Patients often have family or personal history of atopy.
Key features of poorly controlled asthma: diurnal variation, triggered by cold air, exercise, dust etc., sleep disturbance, symptoms between exacerbations
Dx:
- (Quesmed): spirometry (FEV1/FVC of < 0.7) and bronchodilator reversibility , improvement in FEV1 of > 12% is significant
- FeNO = ppb > 40 = positive and supports dx
- Peak flow variability: peak flow diary reading at least twice a day over 2 to 4 weeks, variability > 20% = positive, supports dx
Asthma exacerbations
Key features: cough, tight feeling in chest, SOB, polyphonic wheeze on auscultation
Moderate exacerbation:
- PERF = 50 - 75% of predicted/best
Severe exacerbation:
- PERF = 33 - 50% of predicted/best
- RR > 25
- HR > 110
- Unable to complete sentences
Life-threatening:
92, 33 CHEST
- PERF < 33% of best or predicted
- Cyanosis
- Hypotension/shock
- Exhaustion/confusion/altered consciousness
- Silent chest
- Tachycardia (> 110), tachypnoea (>25)
Treatment for asthma exacerbation
Mild:
- Inhaled SABA (e.g. salbutamol)
- 4 x dose of their inhaled corticosteroid for up to 2 weeks
- Oral prednisolone if high-dose ICS ineffective
- Follow-up within 48 hours
Moderate
- Consider hospital admission
- Nebulised salbutamol
- Steroids (e.g. oral prednisolone or IV hydrocortisone)
Severe: O SHIT ME
O2 to maintain 94 - 98%
Salbutamol IV
Hydrocortisone IV/oral prednisolone
Ipratropium bromide (nebulised)
Theophylline or aminophylline IV
Magnesium sulphate IV
Escalate care
Life-threatening asthma
- Admission to ICU or ITU
- Intubation/ventilation
Treatment ladder for asthma
- SABA (e.g. salbutamol)
- SABA + low-dose ICS (e.g. beclomethasone)

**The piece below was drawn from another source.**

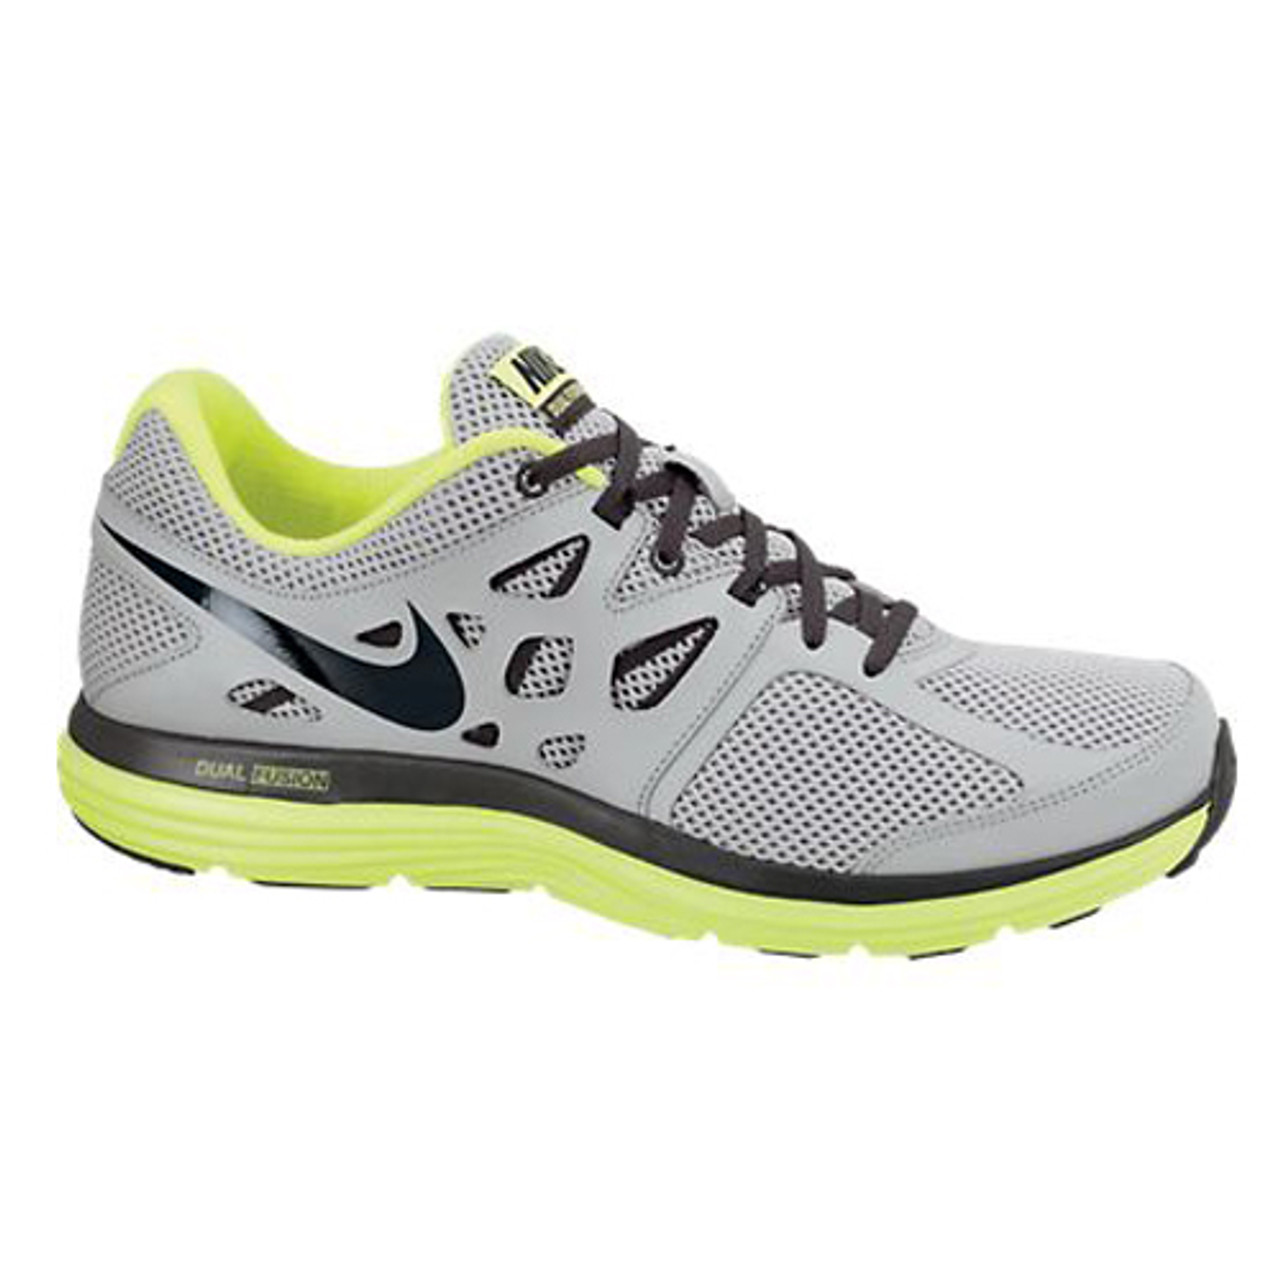 Nike Dual Fusion Lite Mens Running Shoes - Wolf Grey/Dark Charcoal/Volt/Black | Discount Nike Men's Athletic & More - Shoolu.com | Shoolu.com

- SABA + low-dose ICS + LTRA
- LABA (salmeterol)
- MART - maintenance and reliever therapy of low-dose ICS and LABA
- Increase to moderate-dose ICS
- Increase to high-dose ICS
- Specialist management (e.g. oral corticosteroids)
Chronic obstructive pulmonary disease (COPD)
Chronic, obstructive airway disease characterised by emphysema (increased mucus production and alveolar damage and dilatation) and bronchitis (chronic cough and sputum production due to inflammation in the bronchi) = decreased surface for gas exchange.
Biggest cause = smoking
Not reversible with bronchodilators
Key features: cough, wheeze, SOB, sputum production, recurrent chest infections (no clubbing, haemoptysis or chest pain)
Dx: clinical features and spirometry results (FEV1:FVC <0.7) and not bronchodilator reversible
Other Ix: BMI,FBC (anaemia and polycythaemia), sputum culture, ECG + echo (HF) , serum alpha-1 antitrypsin
Management of COPD
Step 1: SABA (salbutamol) and Short-Acting Muscarinic Antagonist (ipratropium bromide)
Then if not ineffective
If no asthma/steroid responsive features:
- Combination of LABA and LAMA
If asthma/steroid responsive:
- Combination of LABA and ICS
Final step = combination of LABA, LAMA and ICS (e.g. trimbow)
Annual flu and pneumococcal vaccinations
Community-acquired pneumonia
Lower-tract respiratory tract infection
Cough, sputum, fever, malaise, haemoptysis, pleuritic chest pain (sharp pain worse on inspiration)
CRB-65 = primary care score whether to send patient to hospital
- Confusion
- Respiratory rate 30 or more
- BP systolic 90 or less, or diastolic 60 or less
- 65 or older
Most common causes =
streptococcus pneumoniae and Haemophilus influenzae
Pseudomonas aeruginosa - in cystic fibrosis
Legionella pneumophila - contaminated aircon
Diagnosis and management of community-acquired pneumonia
CRP levels in primary care to guide management (if CRB-65 1 or less, no admission needed).
Hospital investigations:
- CXR - consolidation
- FBC
- Renal profile
- CRP
More severe:
- Sputum and blood cultures
- Pneumococcal and legionella urinary antigen
Mx: abx according to local guidelines: amoxicillin, doxycycline, clarithromycin
More severe = hospital for IV abx
Gastro-oesophageal reflux disease (GORD)
When acid travels from the stomach via the lower oesophageal sphincter, irritating the oesophageal lining.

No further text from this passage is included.